* [Work to be completed]: Nothing may be left out of the listing below but its images; repeat the rest exactly.

* [Collected material]:
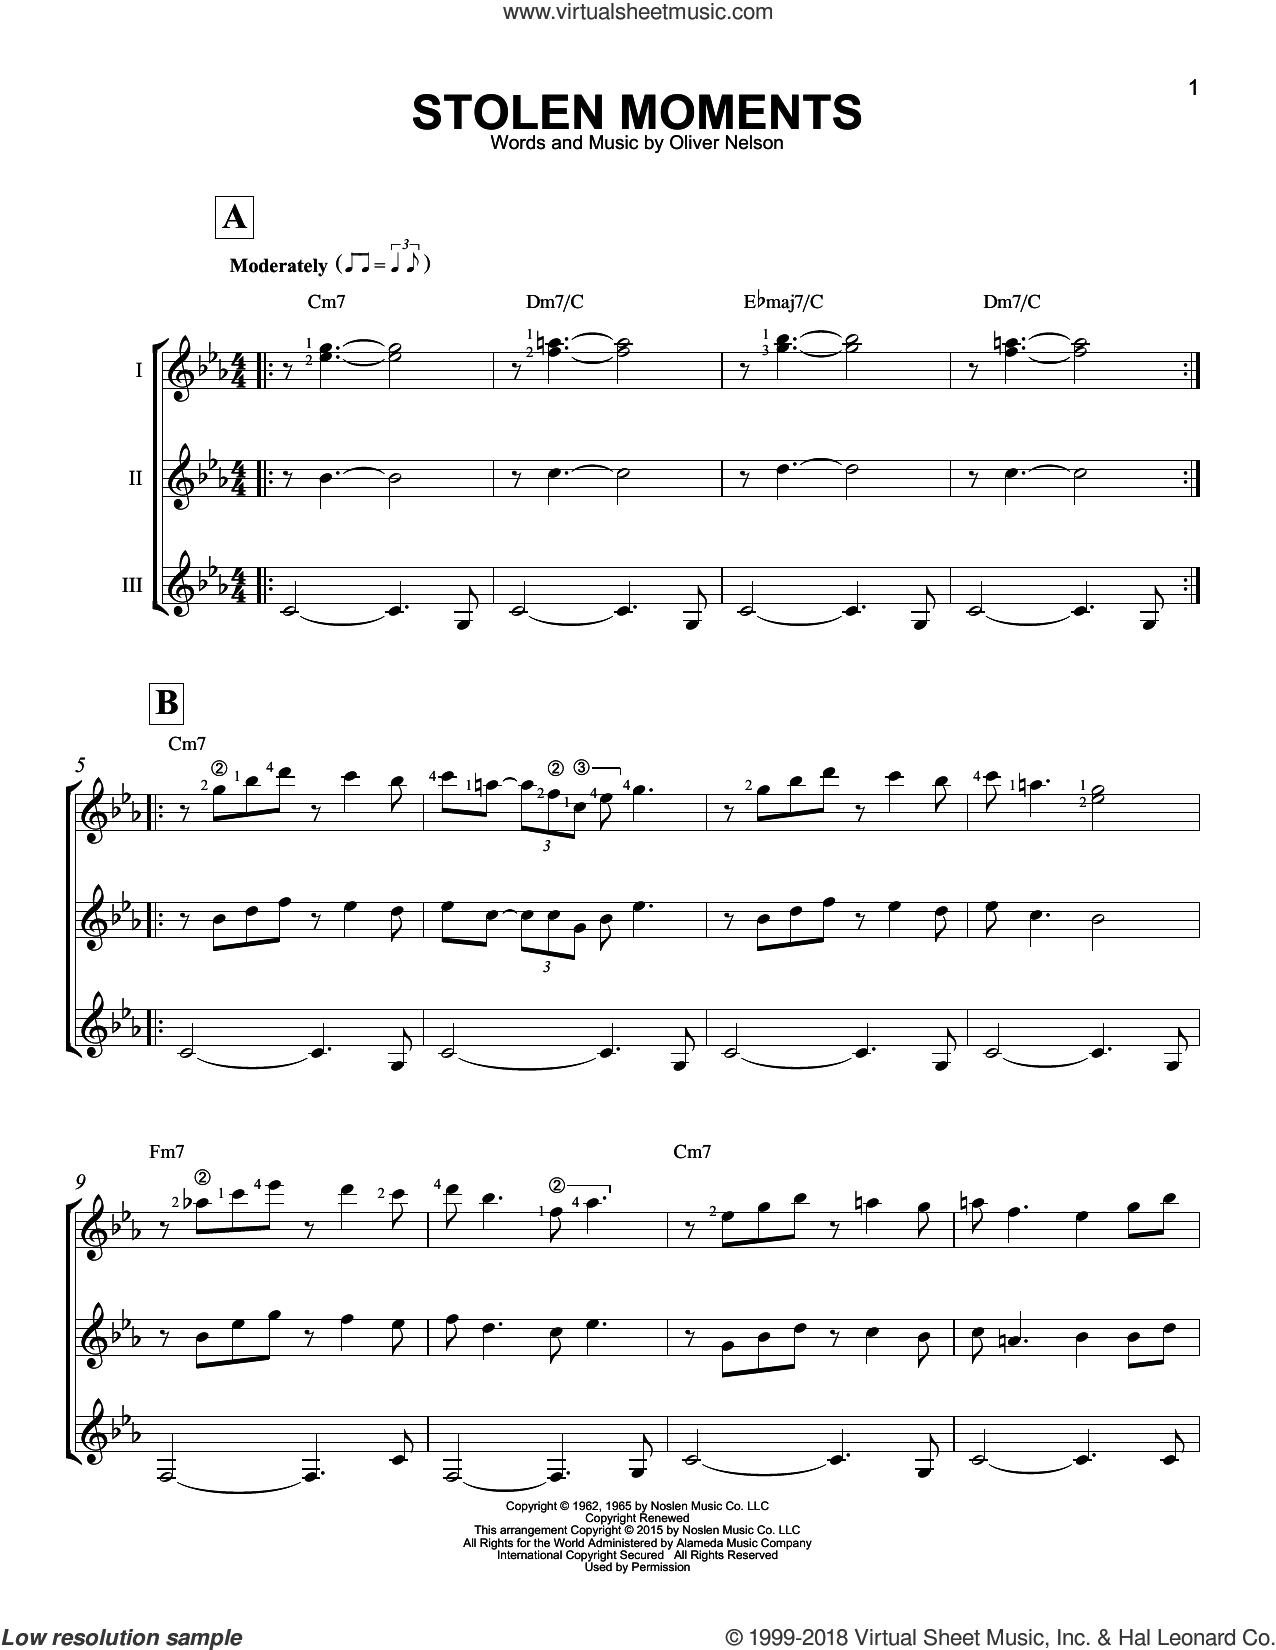 Stolen Moments sheet music for guitar ensemble by Oliver Nelson, intermediate skill level
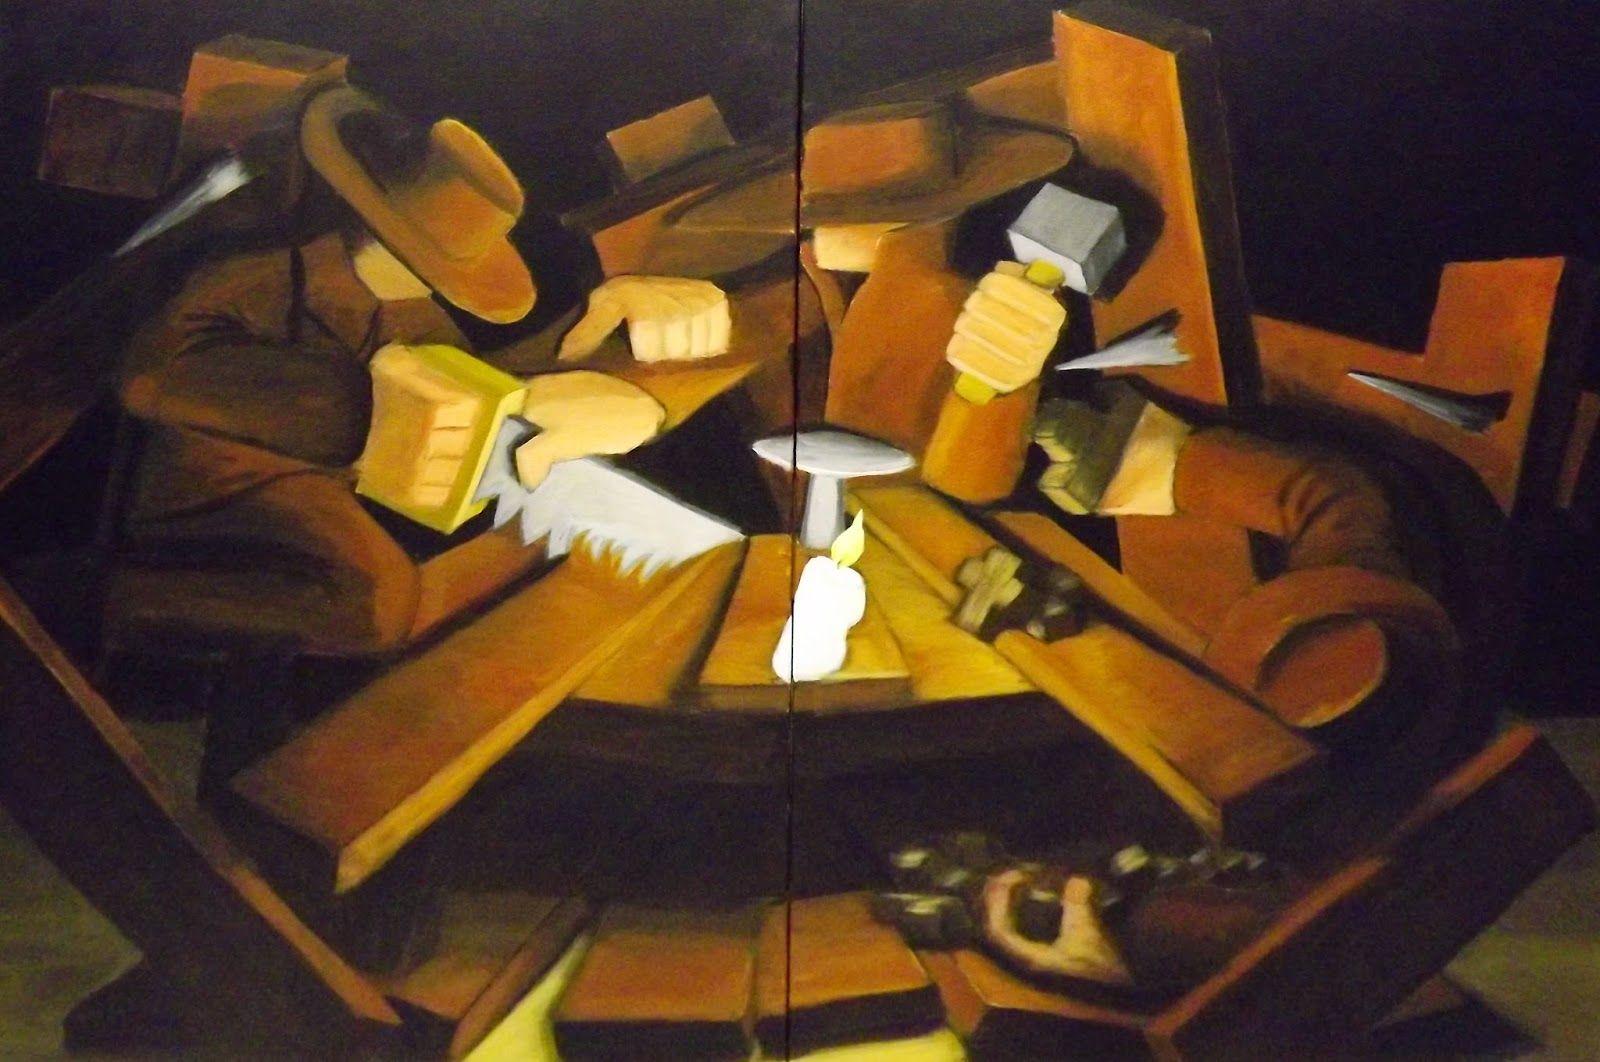 art-of-shadowsBlog: Warum nicht Hänsel?
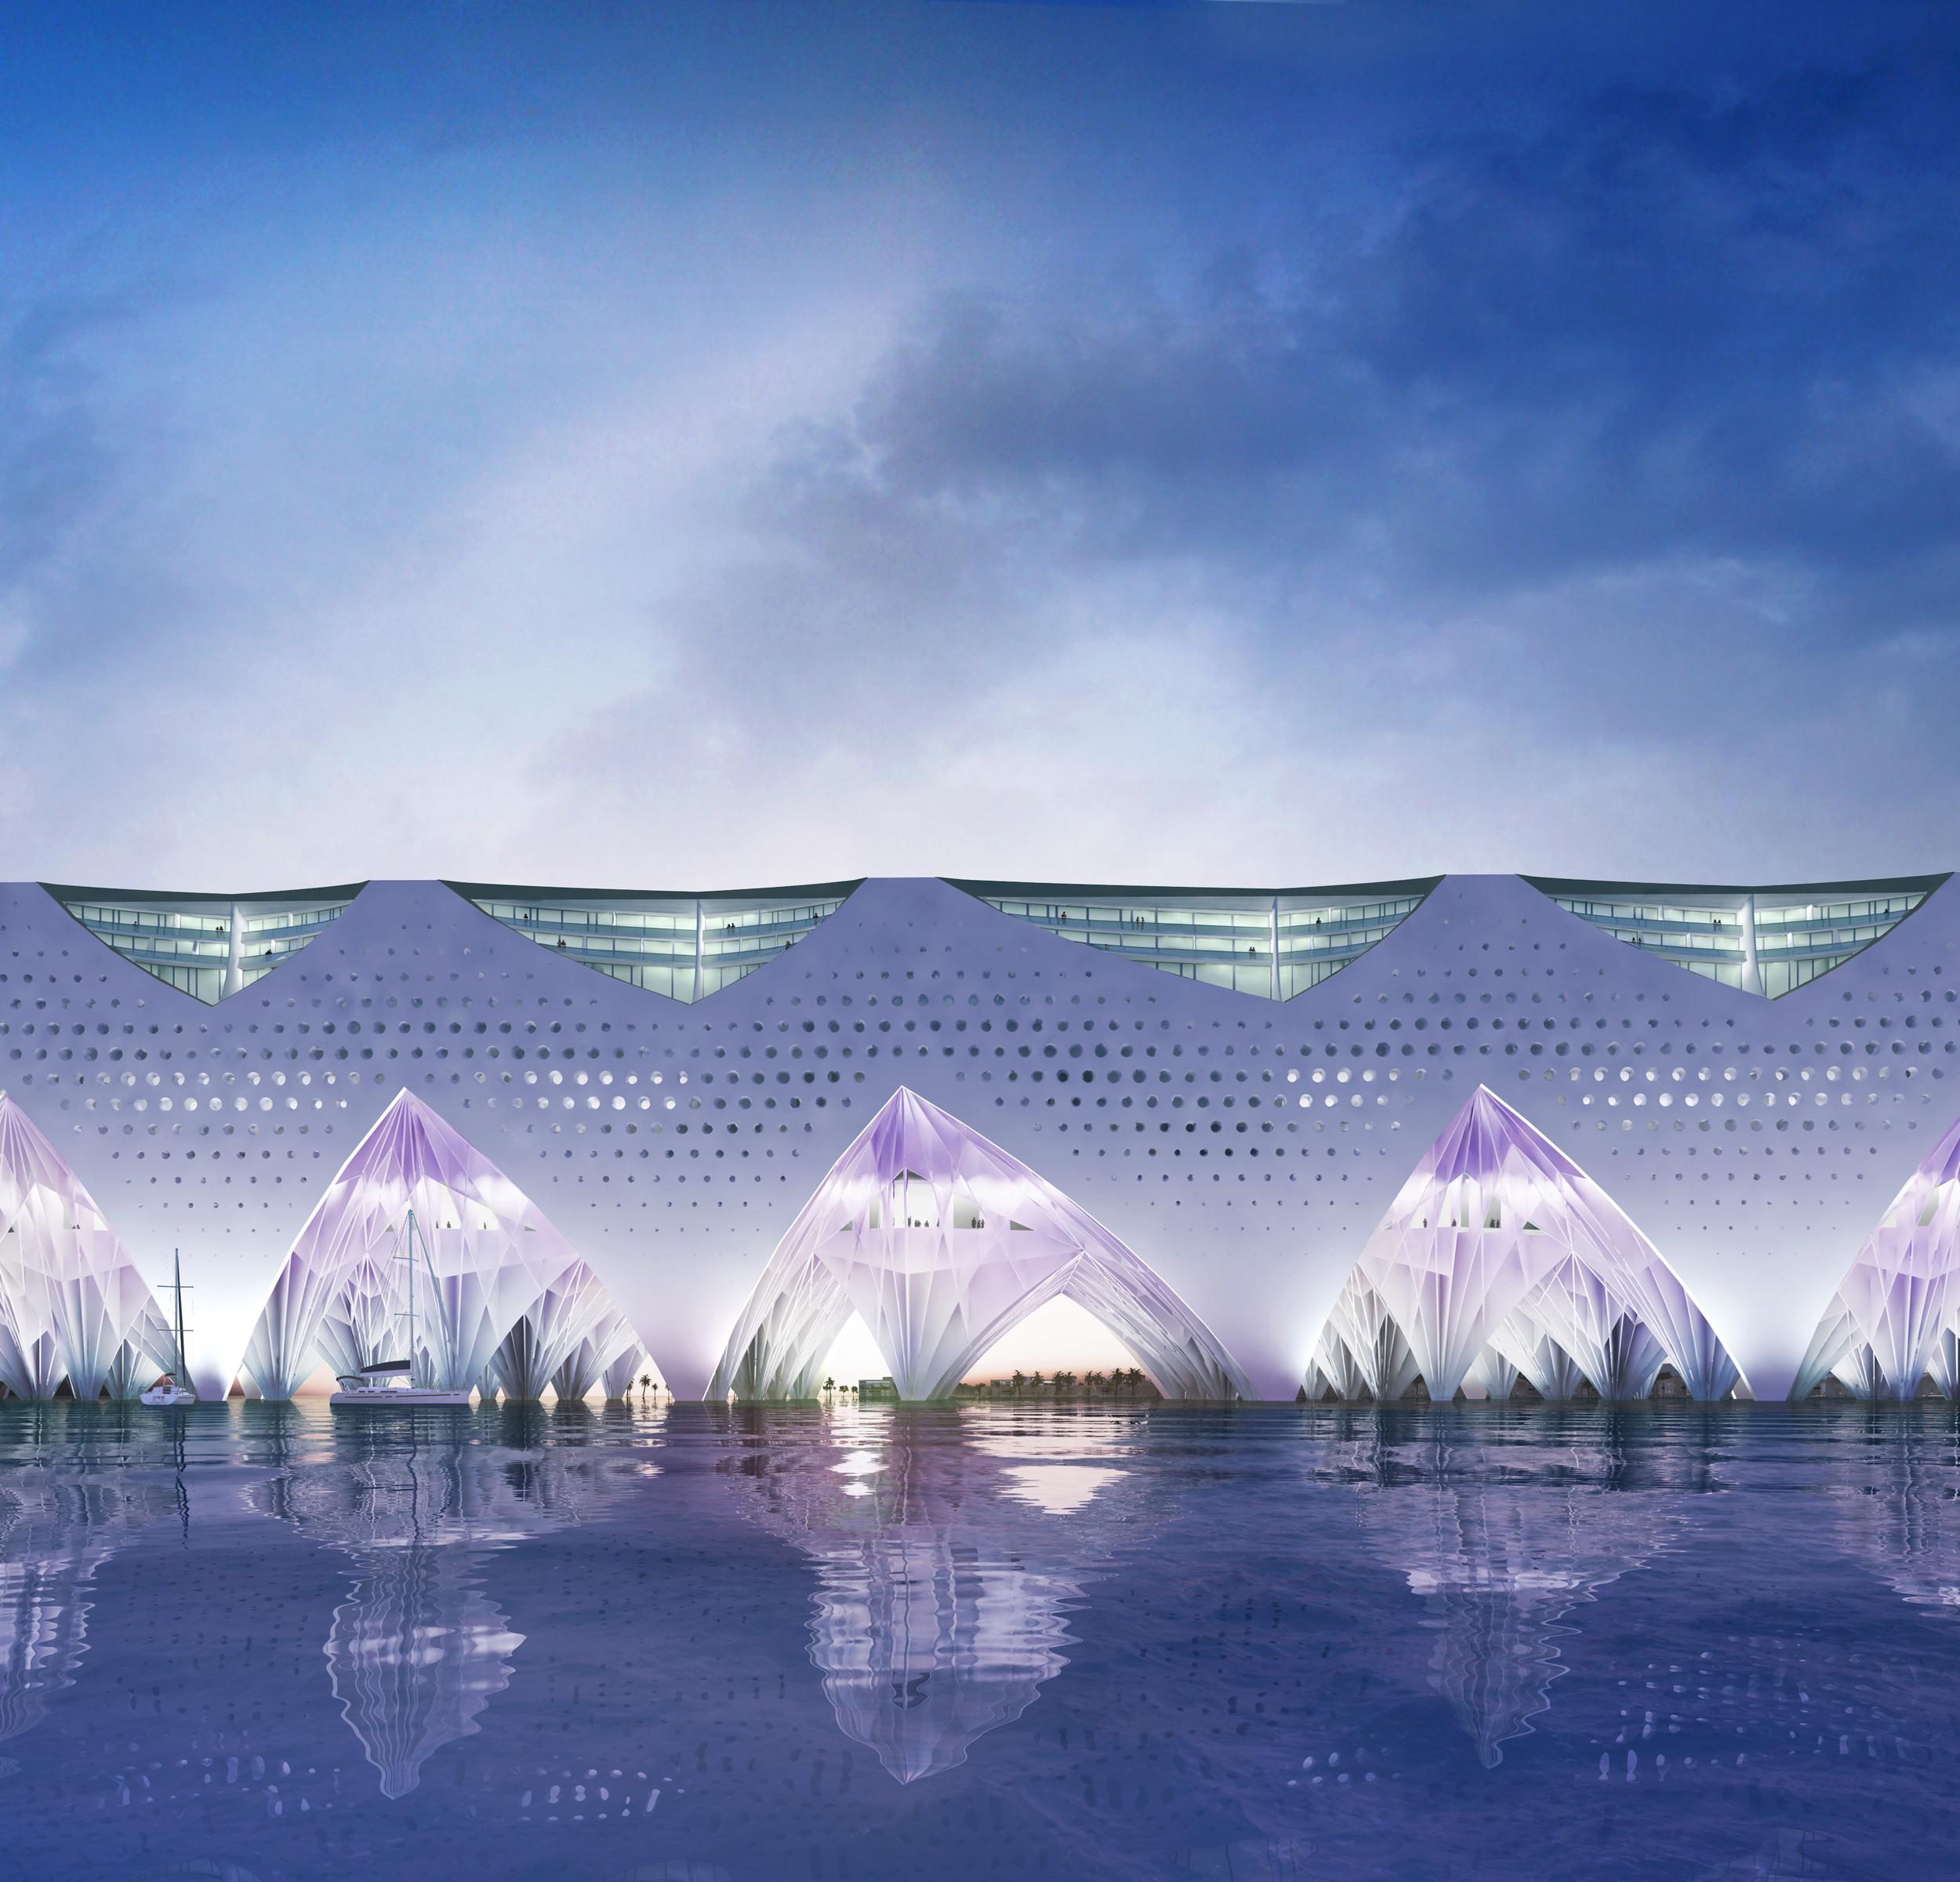 brt - water palace abu dhabi_04.jpg

* [Written reply]:
 Stolen Moments sheet music for guitar ensemble by Oliver Nelson, intermediate skill level
 art-of-shadowsBlog: Warum nicht Hänsel?
 brt - water palace abu dhabi_04.jpg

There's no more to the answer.